I suggest the following:
1. Firms should position early
There is a window of opportunity until 2030 for African firms to prepare themselves before the sale EVs takes off. The beneficiation of minerals to battery-grade metals is an opportunity that firms can seize early. There is currently a strong desire by global firms to reduce dependence on China for LIB metals.
The diversification objective of non-Chinese firms could be served even if refined LIB metals were to be supplied by a Chinese-owned refinery in the DRC, say. Beyond 2030, the potential opportunities take on wider dimensions. Recycling of LIBs may take on greater importance and urgency by then, and thus become a lucrative opportunity for Africa. But there no point waiting. Best to start the groundwork early, ahead of the potential opportunity years later. Enterprise Singapore offices in the SADC region could help facilitate their firms position early and the government of Singapore could extend technical assistance to help African governments enact industrial policies that can facilitate greater value chain participation.
2. Governments should provide much needed support
There is much that African governments would need to do to encourage firms to add more value to LIB minerals in situ. For a start, governments should avoid imposing taxes that add to the costs of imported feedstock, for instance.

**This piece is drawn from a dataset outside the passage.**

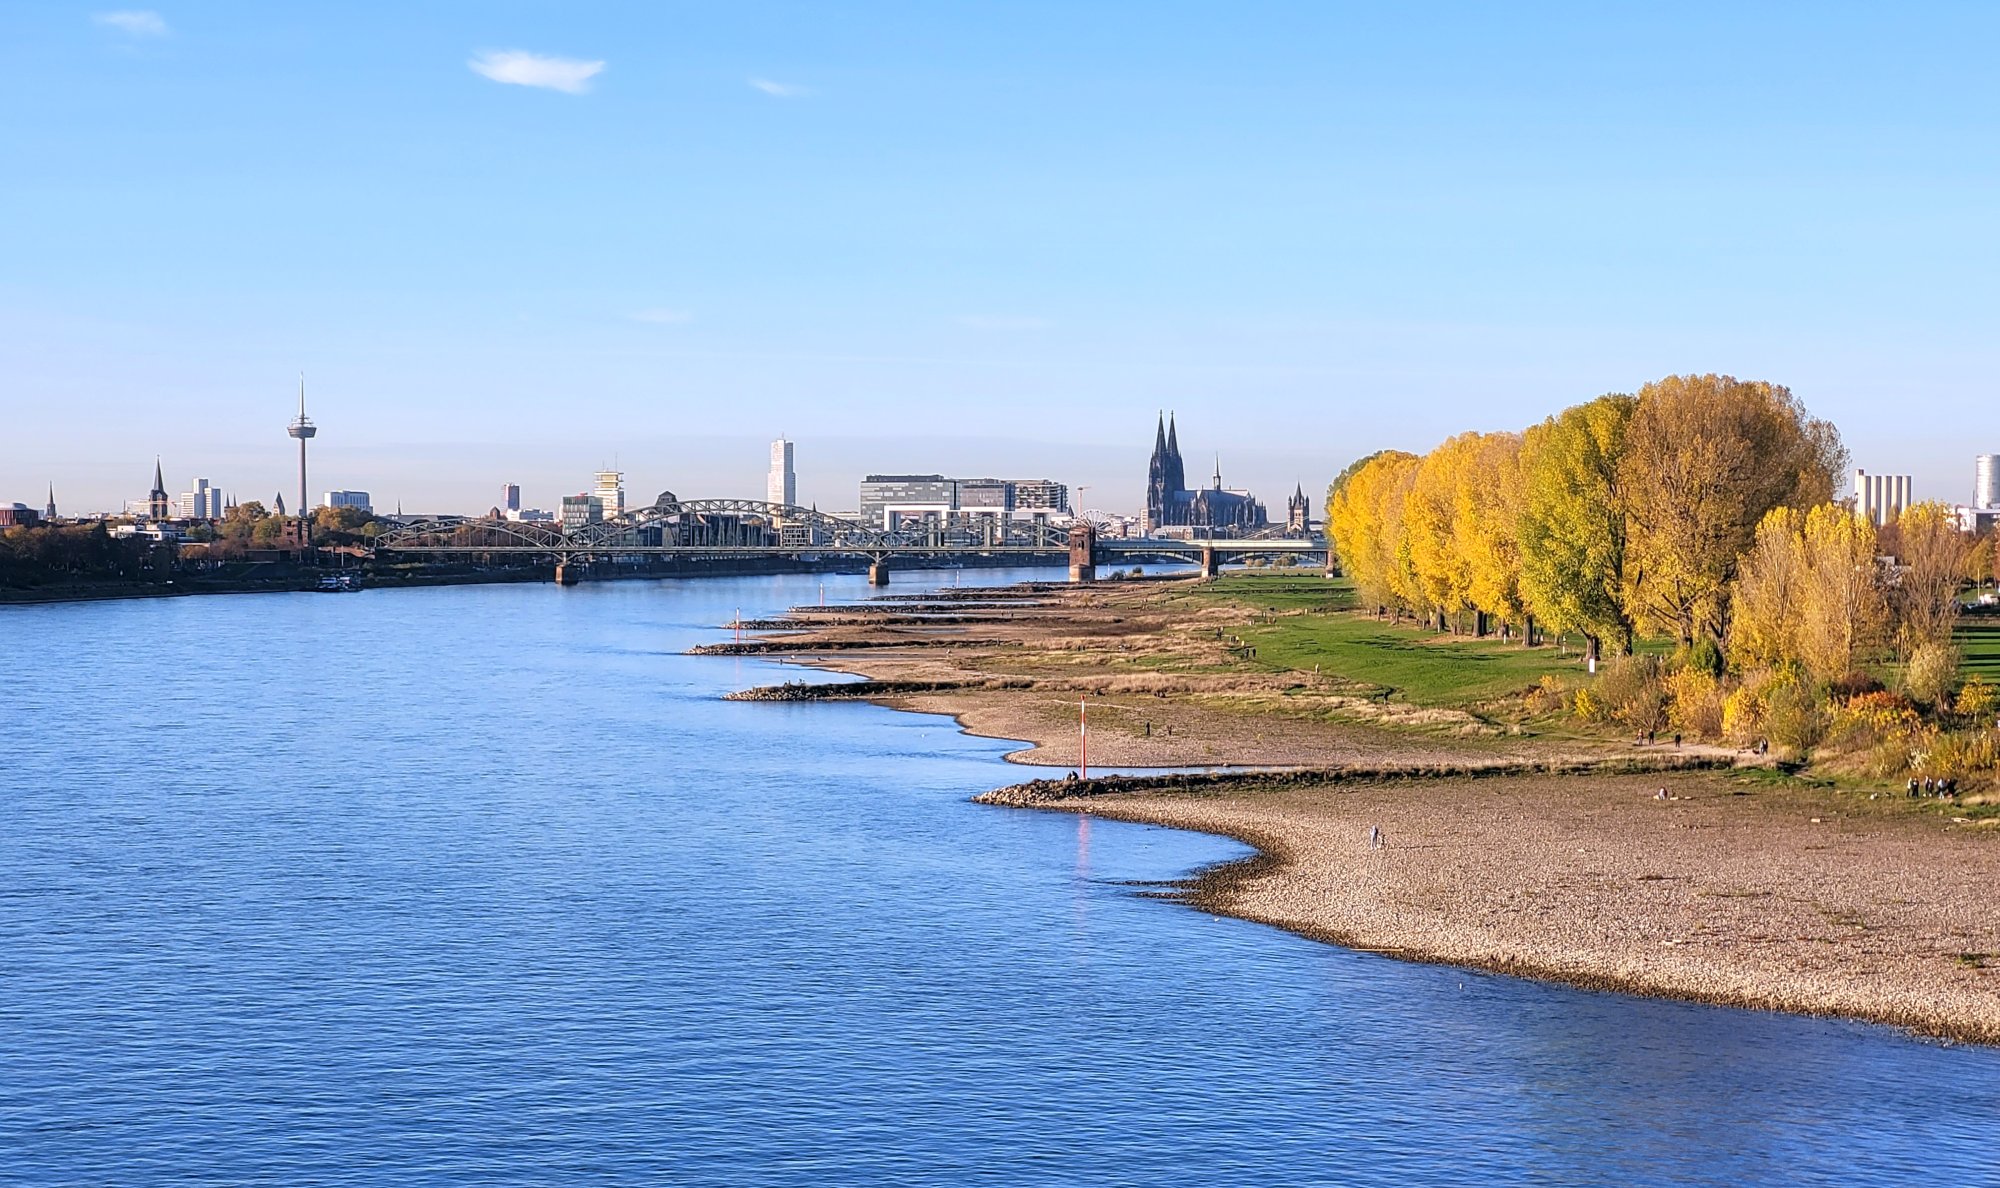 Der Rhein, von der Rodenkirchener Brücke aus gesehen. Blauer Himmel, rechts gelb belaubte Pappeln, hinten links der Fernsehturm, hinten in der Mitte der Kölner Dom

The Zambian Chambishi Metals refinery case is a cautionary tale that shows what happens when the action of the state is not aligned with its vision.
Within SADC the South African government seems to be the only one making significant efforts towards the greater African LIB GVC participation (Foli, 2020).
3. Battery consortia and collaboration with Singapore
The skills and financial capacity gaps that exist can closed with foreign partnership. Synergies may exist between the Singapore Battery Consortium (SBC) and South Africa’s Energy Storage Research, Development and Innovation Consortium (RDI), for instance. These could tapped for building out certification and regulatory frameworks in Africa. SBC member firm, Green Li-ion, which recently pioneered a technology which recycles LIBs into almost 100% pure cathodes, could just as well begin exploring opportunities on the continent as it is currently doing in Dubai and China.
There may be opportunities for collaboration between Universities and think-tanks as well. SBC member, Nanyang Technological University (NTU), is already producing ground-breaking LIB research. NTU scientists have been able to successfully recover precious metals from battery waste using orange fruit peels and thereafter created functional batteries from the metals. The uYilo e-Mobility Programme at the Nelson Mandela University in Port Elizabeth, South Africa, which is also a member of the RDI could be an ideal target for a potential partnership with NTU and SBC.